Ten days can be a long time in constitutional law. On May 29 a closely divided U.S. Supreme Court, with Chief Justice John Roberts joining the four more liberal Justices, refused to order California to lift its restrictions, meant to curb transmission of the novel coronavirus, on church services that have more than 100 attendees or fill more than 25 percent of building capacity. I wrote about that ruling last Tuesday, noting that the question for both Roberts and dissenting Justice Brett Kavanaugh was whether California had discriminated against worship services with respect to comparable secular gatherings. Roberts declined to find such discrimination, observing that California’s rules had cracked down across the board on activities in which “large groups of people gather in close proximity for extended periods of time.”
Today, that case very possibly—probably?—would come out differently, because, over the past week, California, like other states, has allowed public assembly in crowds of far more than 100 persons to protest the death of George Floyd in police custody.

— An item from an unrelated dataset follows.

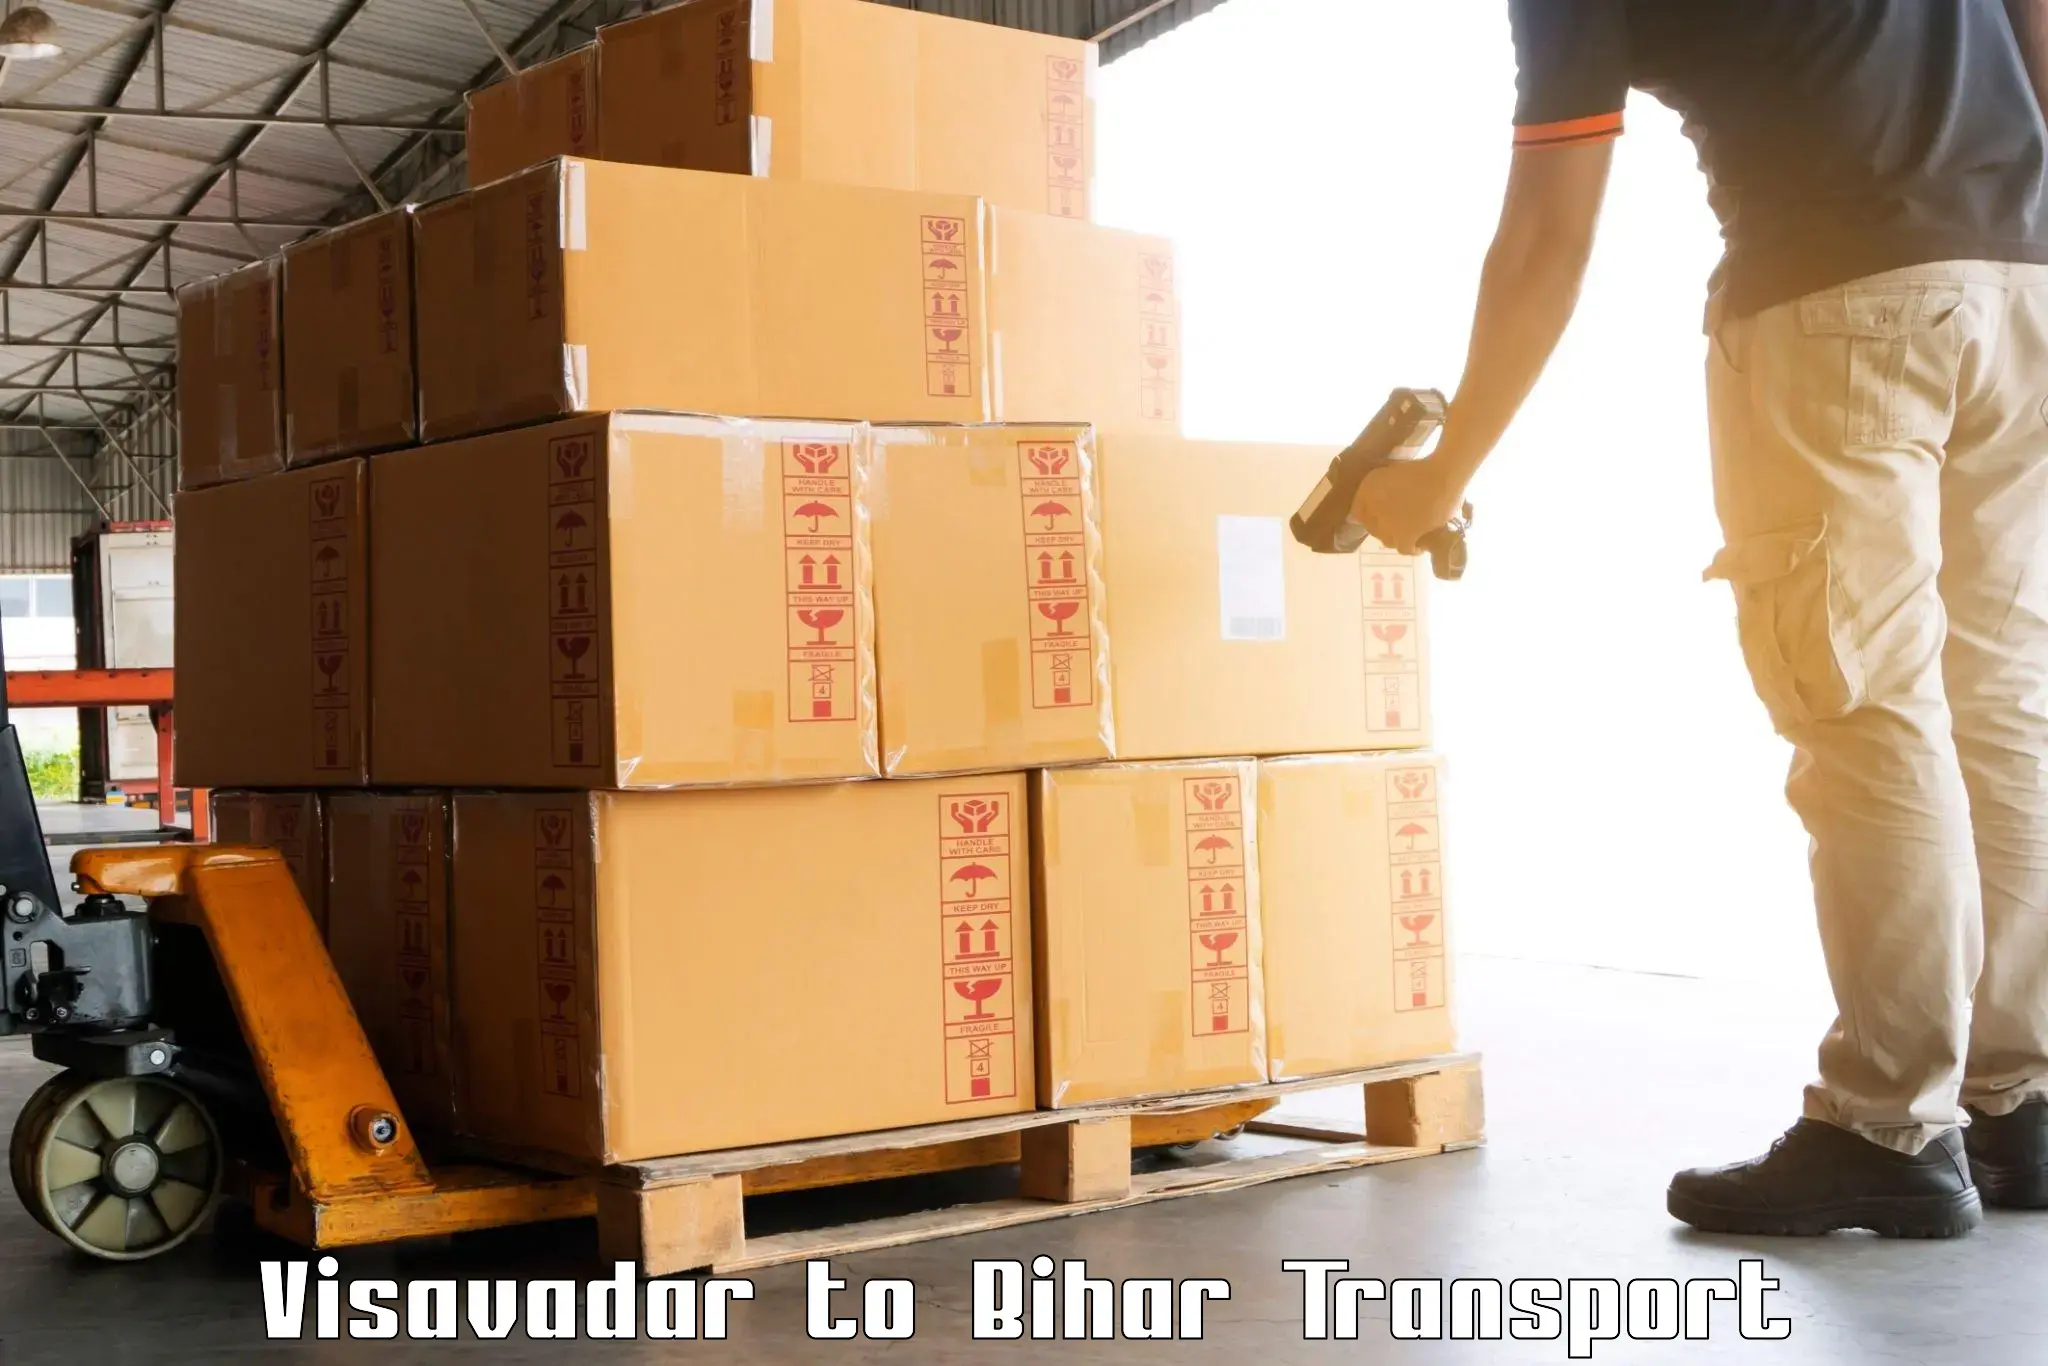 Transport bike from one state to another Visavadar to Bharwara

Whether or not making an exception for the protests was the right thing to do, it has crucial legal implications, as attorney Anthony Sanders points out in a new piece for the Institute for Justice. Under the Court’s free‐speech jurisprudence, to allow assembly for the purpose of expressing one kind of message but not another is a content‐based restriction on speech of the sort that nearly always fails constitutional review. It triggers strict scrutiny as to whether the restriction is the least intrusive possible and has been narrowly tailored to advance a compelling government interest.
Religious liberty jurisprudence points the same way. While the prevailing standard on whether the government is required to offer affirmative accommodation of religious exercise may have shifted over the years, it has been clear all along that strict scrutiny will apply if the government discriminates against such exercise.
One element of public health regulation that might withstand strict scrutiny is the distinction between indoor and outdoor meetings since the novel coronavirus appears to transmit much more readily indoors than outdoors. But the implication is that religious and other assemblies should at least be free to go forward if they take place in the out of doors. And current state rules have by no means conceded such a liberty. For example, it is not uncommon for states to ban a 20‐person family graveside memorial at which all participants wear masks and refrain from hugging, chanting, or singing.
We can now expect courts to begin striking down some of these rules if states do not revoke them first. The same goes for other time‐place‐and‐manner restrictions on assembly, speech, and movement: if a state declines to enforce an announced curfew on those who stay out to protest, it may face strict scrutiny trying to enforce that curfew on persons who have stayed out for a worship service.
Whether a state has officially endorsed a double standard, of the sort some have explicitly urged, isn’t the main issue. Courts will examine the degree to which they have formally or not waived the rules, and it won’t help when governors, mayors, and other officials have signaled approval or even encouraged people to attend protests. Maybe a state might wriggle out of a suit by arguing that it had merely invoked its prosecutorial discretion to suspend enforcement against an assembly it could not have stopped anyway. But courts may look askance at the might‐makes‐right theory that numbers and will can gain rights for persons marching in a popular cause that are denied to persons who wish to march in a less popular one.
The virus itself, as scientists have tried to warn us, does not distinguish between the righteous and the unrighteous. Though rare, outdoor transmission does appear to happen, and a 100,000-person protest in Spain is suspected (along with soccer events) of having helped fuel that nation’s worst‐in‐Europe outbreak.
When it comes to regulating the time, place, and manner of speech or of religious exercise, the courts may defer to rules based on an objective standard of public health and impartially enforced. But as for rules which merely serve to impose one group’s values and arbitrary will on others—well, those are what the courts are there to stop.